Si on interroge René Girard, il est fort probable que la réponse risque de tomber aussi rapidement que l’objet lancé de la part de Galilée pour montrer les effets de la gravitation universelle. Pour lui, le mimétisme est contagieux, comme l’était autrefois la peste et l’est maintenant le Sida, heureusement en voie d’être contenu sinon bientôt lancé sur la voie de la guérison.

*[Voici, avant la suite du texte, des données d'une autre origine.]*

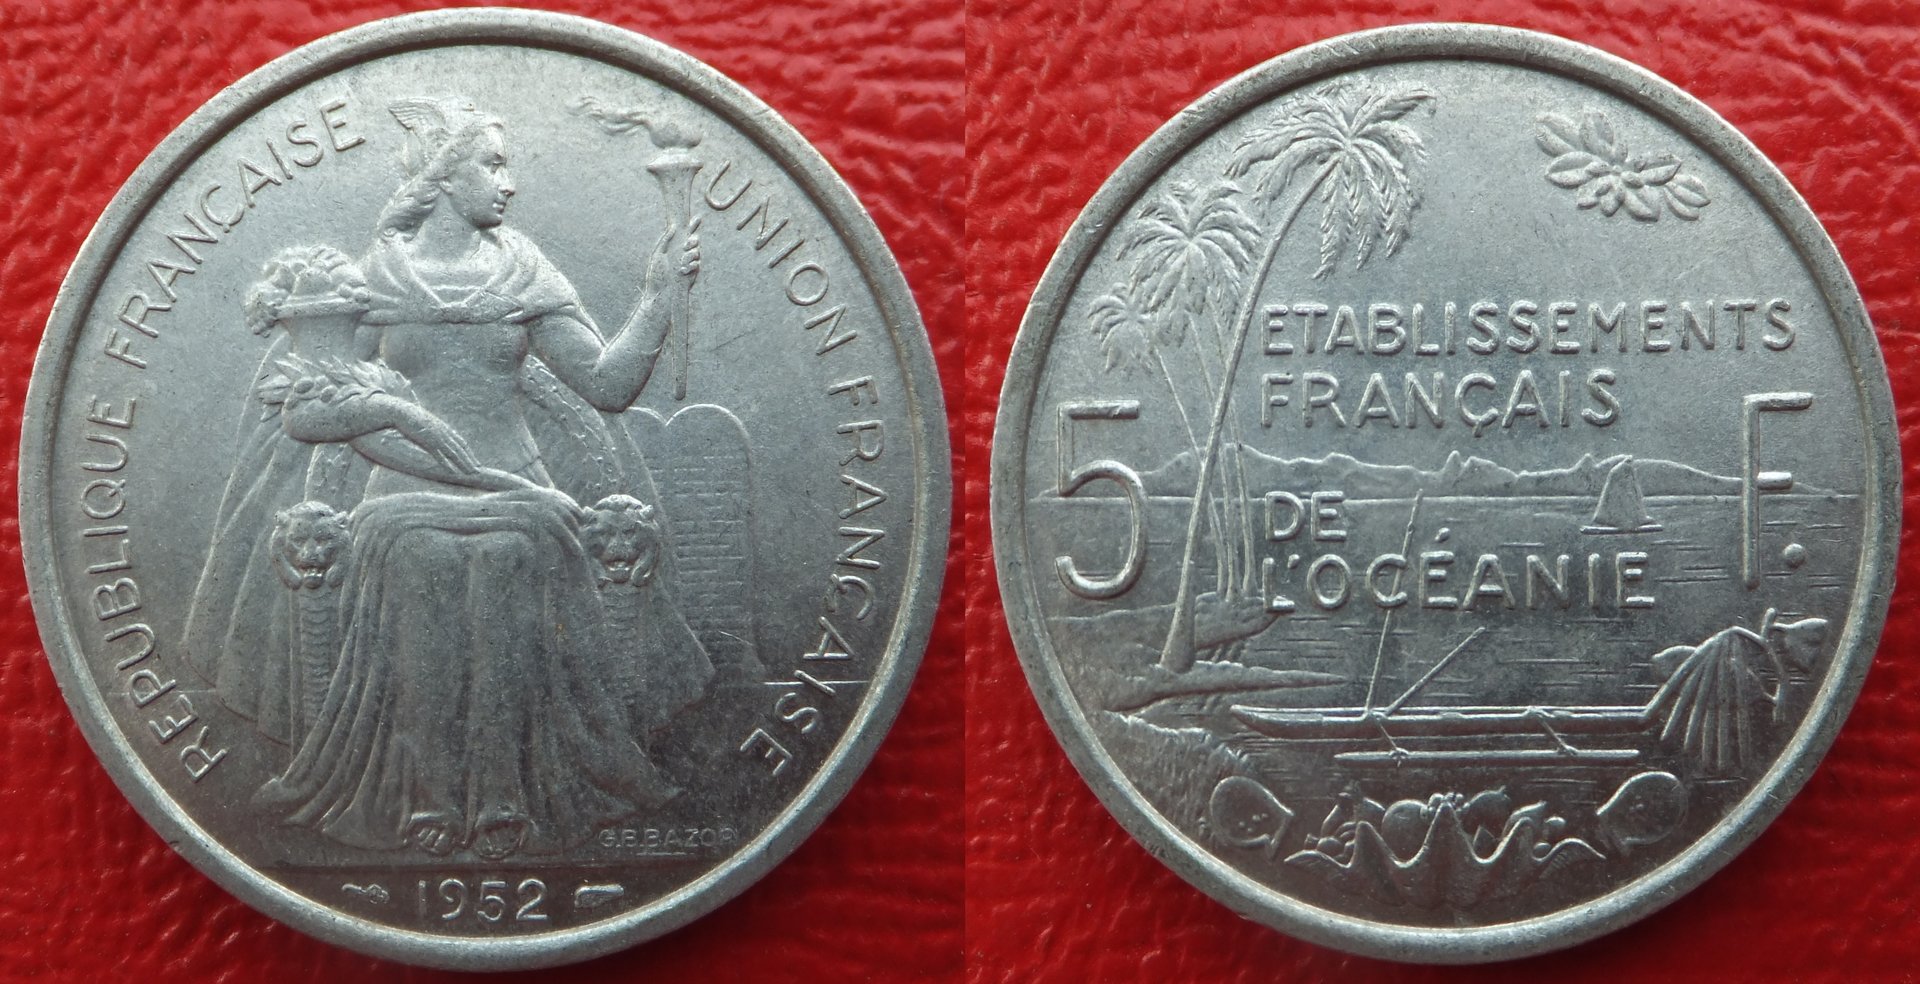 French Oceania 5 francs 1952 (3).JPG

Quelle épidémie venue d’où ?

Nous voici avec un 2è personnage de l’état, certes moins gradé que le premier qui est tombé à New York sous le apâts d’une employée de l’Hôtel du groupe Accor où logeait fort luxueusement le Directeur du FMI dont tout le monde admirait le pouvoir. Il avait autrefois été envoyé à la direction de cet organisme avec la bénédiction et les souhaits de bon voyage par la France que cependant il n’est pas ou plus censé représenter si l’on en croit les paroles du Président de la République. Nous sommes entrés dans une nouvelle ère, celle du féminisme au cours duquel les femmes, lassées par les innombrables assauts qu’elles subissent de la part des mâles « en rut comme on les a appelés » refusent désormais de s’aligner sur le désir des hommes. Un illustré américain prétend même que le temps est révolu où le genre féminin doit être considéré comme invariant d’un morceau de chocolat qu’on peut sucer ou avaler à sa guise sans lui rendre une dignité depuis longtemps perdue.

Dignité des femmes

Il s’agit pour elles de reconquérir leur indépendance, de renoncer à leur soumission à l’homme, dont parait-il les chromosomes sont proches de ceux du chimpanzé ce qui en dit long sur la considération dont bénéficie notre ancêtre que l’on n’hésite plus depuis longtemps à mettre en cage pour raison d’exhibition. On tend à faire de même pour l’homme présumé innocent mais en réalité déjà reconnu coupable en attendant que les droits de la défense puissent entrer en jeu pour contre-attaquer vigoureusement à l’aide d’avocats hors de prix et dont ne peuvent bénéficier que les possiblement coupables. De quoi ? Aux États-Unis, le délit sexuel est considéré comme un des plus sévères en raison de la forte pression religieuse qui pèse sur une population originaire en grande partie de pays où régnait la pauvreté, où la famine était prégnante et qui durent fuir leur communauté vers un pays neuf dont ils ont tenté de construire les nouvelles lois et la nouvelle foi. Nous voici donc avec deux frères dans le malheur extrême dont on se demande bien les motivations d’un agir étrange que la presse américaine met sur le compte de la toute puissance politico-médiatique capable de mener à tous les excès, lever tous le freins et se permettre en effet de considérer la femme comme objet sinon sexuel du moins de désir et de gourmandise.

De grande importance

Dès lors, on se demande pourquoi les États-Unis attachent tant d’importance à garder par devers eux des exemplaires d’une culture si déplaisante que l’on préfère la regarder de loin même si le talentueux Tocqueville avait autrefois dressé un portrait si attachant de l’Amérique qu’il avait parcouru en tous sens et dont il avait analysé avec une extrême perspicacité les modes de fonctionnement. Depuis ce temps à considérer comme révolu, de nouvelles grilles d’analyse sont apparues qui viennent aussi bien des facultés de l’ouest que de celles du centre de l’Europe, ne serait-ce que celles diffusées à partir de Vienne, capitale cosmopolite d’une Monarchie qui a donné au monde des scientifiques, des écrivains, des philosophes, des musiciens et des médecins, parmi le dernier n’était pas l’inventeur de la psychanalyse, le Docteur Sigmund Freud. Ce dernier, au grand dam des savants et des personnes les plus cultivées dans les domaines de l’esprit, de la spiritualité et de la neurologie a expliqué que nous ne voyions de notre esprit que la partie émergée de l’iceberg et qu’au-dessous, se nouait en permanence un scénario dont la signification nous échappait souvent sinon toujours.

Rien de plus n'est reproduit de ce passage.